Sidang isbat merupakan agenda penting yang dilaksanakan oleh Kementerian Agama Republik Indonesia guna memastikan kepastian waktu perayaan Lebaran bagi masyarakat. Keputusan dari sidang tersebut nantinya akan diumumkan secara resmi kepada publik dan menjadi acuan dalam pelaksanaan Hari Raya Idul Fitri di Indonesia.

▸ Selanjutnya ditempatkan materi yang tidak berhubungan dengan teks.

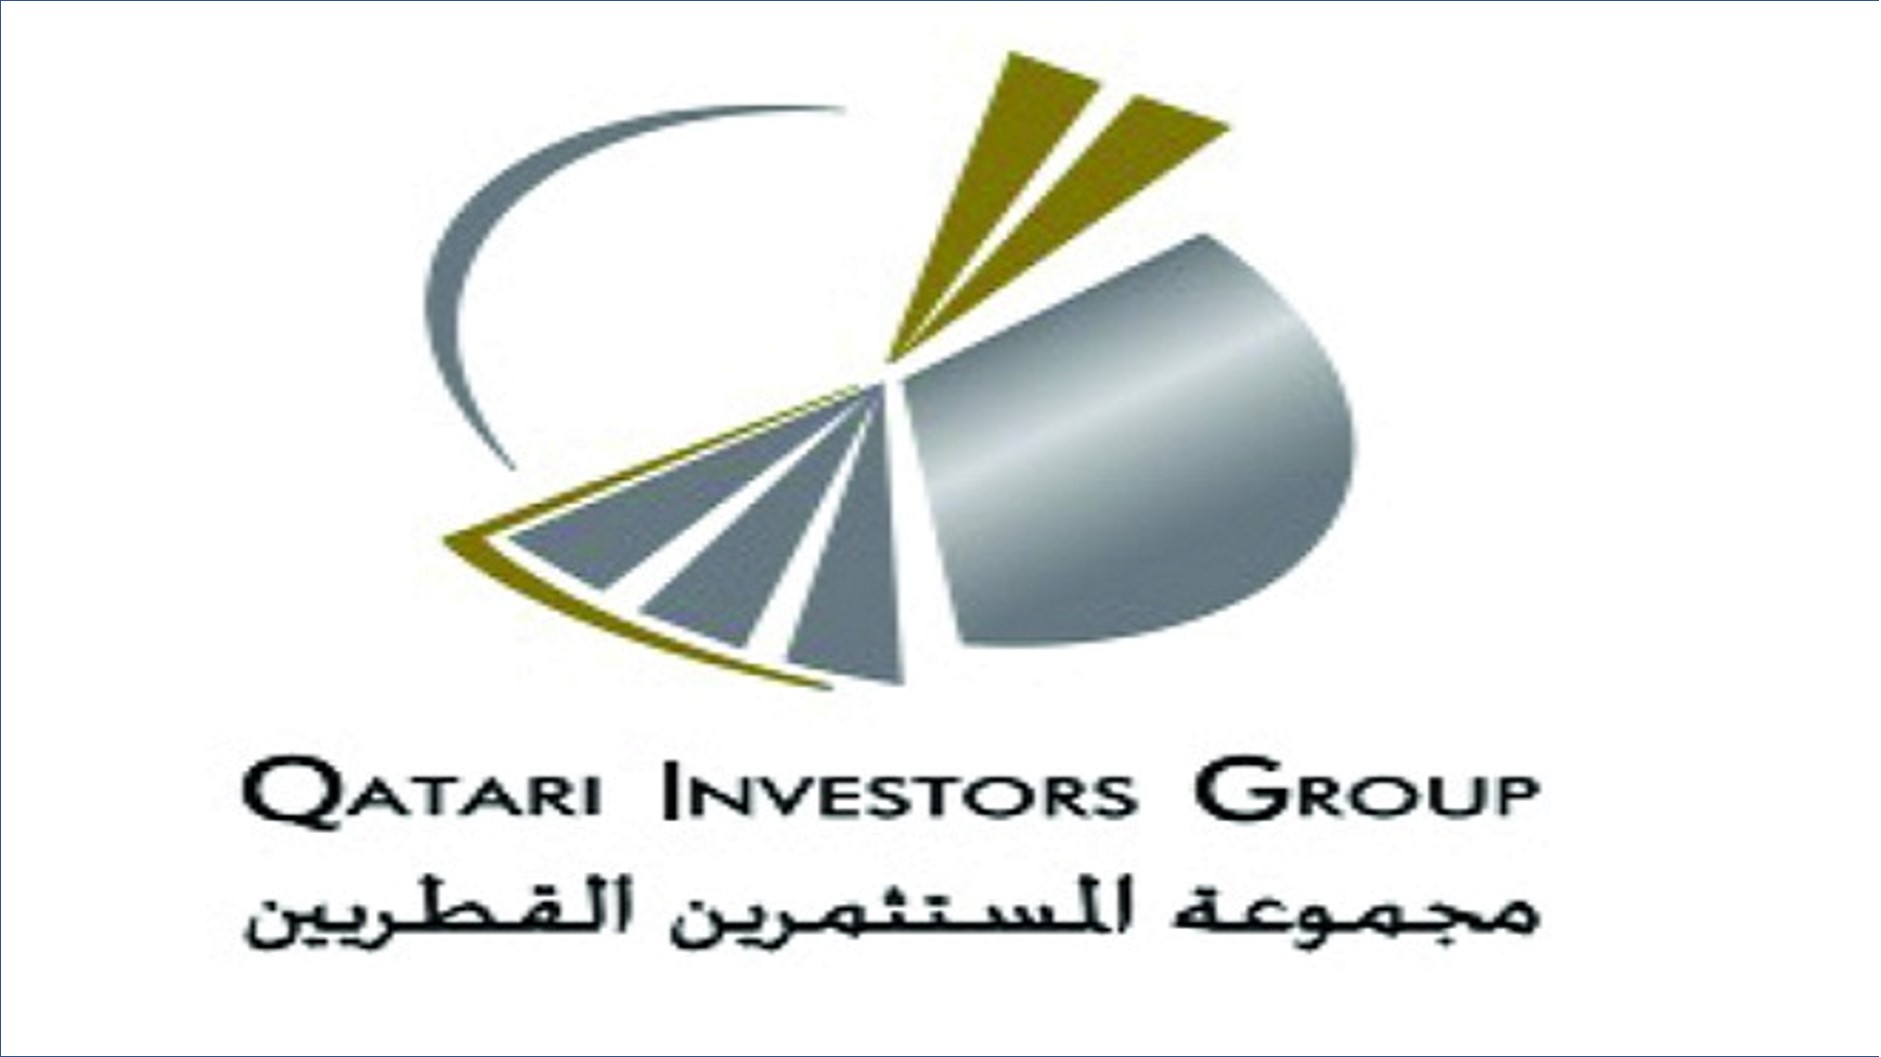 مجموعة المستثمرين القطريين تعلن عن فرص وظيفية جديدة

Jadwal dan Lokasi Sidang Isbat Penentuan 1 Syawal 1447 H
Berdasarkan informasi yang dilansir dari laman metro.tv, pemerintah dijadwalkan menggelar sidang isbat penetapan 1 Syawal 1447 Hijriah pada 19 Maret 2026. Tanggal tersebut bertepatan dengan 29 Ramadan 1447 H dalam kalender Hijriah. Sidang penentuan awal Syawal ini akan diselenggarakan di Auditorium H.M. Rasjidi yang berada di kantor pusat Kementerian Agama Republik Indonesia di Jakarta. Rapat tersebut direncanakan dimulai sekitar pukul 16.00 WIB dan melibatkan berbagai pihak yang berkaitan dengan penetapan awal bulan Hijriah.
Peserta yang hadir biasanya terdiri dari perwakilan organisasi kemasyarakatan Islam, para pakar astronomi, ahli falak, serta perwakilan lembaga pemerintah terkait. Kehadiran berbagai unsur ini bertujuan memastikan proses penetapan awal Syawal dilakukan secara ilmiah dan transparan.
Tahapan Pelaksanaan Sidang Isbat
Dalam prosesnya, sidang isbat tidak langsung mengambil keputusan. Ada beberapa tahapan yang harus dilalui sebelum pemerintah menetapkan tanggal resmi Idul Fitri.
- Seminar Posisi Hilal
Tahapan awal dimulai dengan seminar yang membahas posisi hilal pada akhir bulan Ramadan. Dalam forum ini, para ahli astronomi dan pakar falak mempresentasikan hasil perhitungan astronomi terkait kemungkinan terlihatnya hilal di wilayah Indonesia. Paparan tersebut menjadi dasar ilmiah sebelum proses penentuan dilakukan. - Verifikasi Laporan Rukyatul Hilal
Setelah seminar selesai, pemerintah akan memeriksa laporan hasil pemantauan hilal dari berbagai titik pengamatan di Indonesia. Tim pemantau yang berada di sejumlah daerah akan mengirimkan laporan hasil rukyatul hilal kepada pemerintah untuk kemudian diverifikasi kebenarannya. - Pelaksanaan Sidang Isbat
Tahap berikutnya adalah sidang isbat yang dilakukan secara tertutup. Dalam pertemuan ini, pemerintah bersama para ulama serta perwakilan organisasi Islam akan membahas hasil hisab dan laporan rukyat yang telah dikumpulkan sebelumnya. Semua data tersebut menjadi bahan pertimbangan dalam menentukan awal bulan Syawal. - Pengumuman Resmi oleh Menteri Agama
Setelah keputusan diambil, pemerintah akan mengumumkan hasil sidang isbat kepada masyarakat. Menteri Agama biasanya menyampaikan keputusan tersebut melalui konferensi pers yang disiarkan secara langsung oleh berbagai media nasional.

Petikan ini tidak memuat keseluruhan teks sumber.